For completeness, Figure 8 displays coverage rates for nominal 90% confidence intervals for $\hat{\unicode[STIX]{x1D70B}}_{Z^{\ast }}$ . Both with and without error the DiM estimator is stable and performing exactly as it did under the Blair–Imai lists. The ICT-MLE is unstable and has potential to yield misleading estimates under the designed lists regardless of whether we include error.

The Monte Carlo simulations demonstrate that the performance of the ICT-MLE is sensitive to the design of the underlying control-item lists in ways that the DiM estimator is not.
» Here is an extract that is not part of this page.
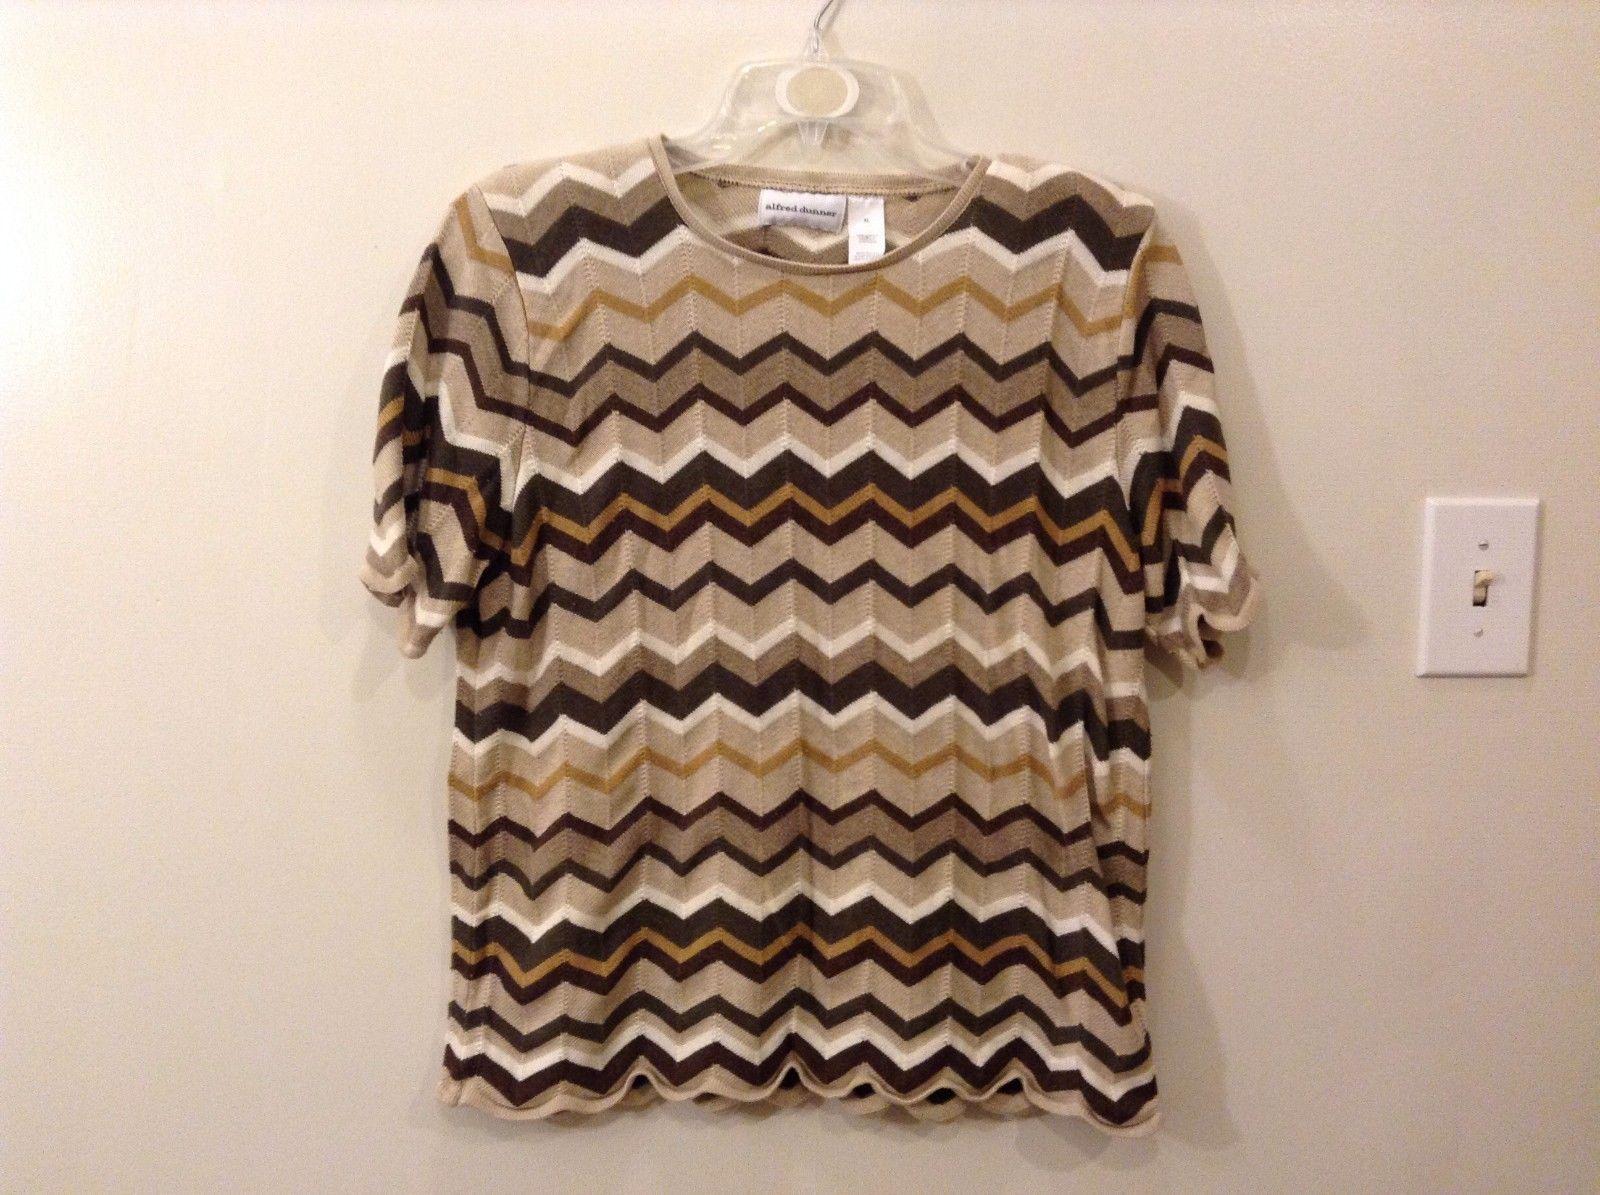 Alfred Dunner XL Neutral Toned Short Sleeve Sweatshirt Chevron Pattern Browns

Both estimators are sensitive to rare sensitive items and error, but the ICT-MLE more so.

## 3 An Example

To demonstrate that this problem of small samples in the extremes, respondent error, and estimator bias is more than theoretical, I rely on the list experiments reported in Ahlquist, Mayer, and Jackman (Reference Ahlquist, Mayer and Jackman2014), henceforth AMJ. AMJ use a YouGov Internet panel to ask questions about voter impersonation in the 2012 US election. AMJ find no evidence for substantial rates of voter impersonation but there are some anomalies. First, the DiM estimates and ICT-MLE estimates differ noticeably, with the ICT-MLE showing point estimates substantially larger than those using the simple mean comparison procedure. Second, some of the respondents (about 2.5% of the treatment sample, twelve individuals) in the voter impersonation question claimed the maximum number of items (five). If we maintain the no liars assumption then these twelve respondents are admitting to voter impersonation (in addition to a variety of other things). One could therefore construe this 2.5% as a lower bound estimate for the rate of voter impersonation. If this estimate were true then the survey implies that *at least* five million people cast fraudulent ballots in the 2012 election—a shocking number inconsistent with all other work on this topic.

Examining the broader survey behavior of the respondents who claimed the maximum of five, AMJ find additional reasons to treat these responses as suspect. For example, most of those choosing the maximum value in the list experiments, whether in the treatment or control groups, appeared to be rushing to complete the survey as fast as possible. To further investigate this conjecture of respondent error AMJ fielded a second set of list experiments in September 2013 with a new YouGov sample and $N=3,000$ , three times the size of the original sample. Using the test proposed by Blair and Imai (Reference Blair and Imai2012) there was no evidence leading to the rejection of the null hypothesis of no design effect for any of these questions.

In addition to replicating the original list experiment questions AMJ fielded two more list experiments as calibration exercises. The first new question offered subjects the opportunity to admit to something believed to occur with (near?)zero probability: abduction by extraterrestrials. The second of the new list experiments asks respondents about a common behavior that is illegal in most states: sending or reading text messages while driving. AMJ found two previous large surveys on the subject of texting and driving. Madden and Rainie (Reference Madden and Rainie2010) find that 27% of US adults have sent or read a text message while driving while Naumann (Reference Naumann2011) estimates that about 31% of U.S. drivers aged 18–64 had sent an SMS while driving in the last 30 days. Both surveys used direct questioning techniques. The details of these lists experiments are described in supplementary materials. Both are $J=4$ lists and both attempt to include both high- and low-frequencies as well as plausibly negatively correlated items on the control list.

Figure 9 displays population prevalence estimates for all three list experiments as calculated using both DiM and ICT regression.Footnote
^{9}
Several things are immediately apparent. First, the list experiment examining a relatively common behavior recovers rates of texting while driving in line with previous estimates. The ICT and DiM estimates are close to one another and the uncertainty around the ICT estimates is substantially narrower, reflecting the efficiency improvement in the ICT-MLE, bought with distributional assumptions and the incorporation of covariate information. But when we turn to the low-prevalence questions (impersonation and abduction) there are massive differences between the ICT-MLE and DiM estimates. The DiM estimates for both voter impersonation and alien abduction are close to zero, consistent with both prior expectations and the earlier survey wave. The ICT estimates are shockingly large and have relatively narrow standard errors, raising the prospect of erroneous inference were they to be taken at face value.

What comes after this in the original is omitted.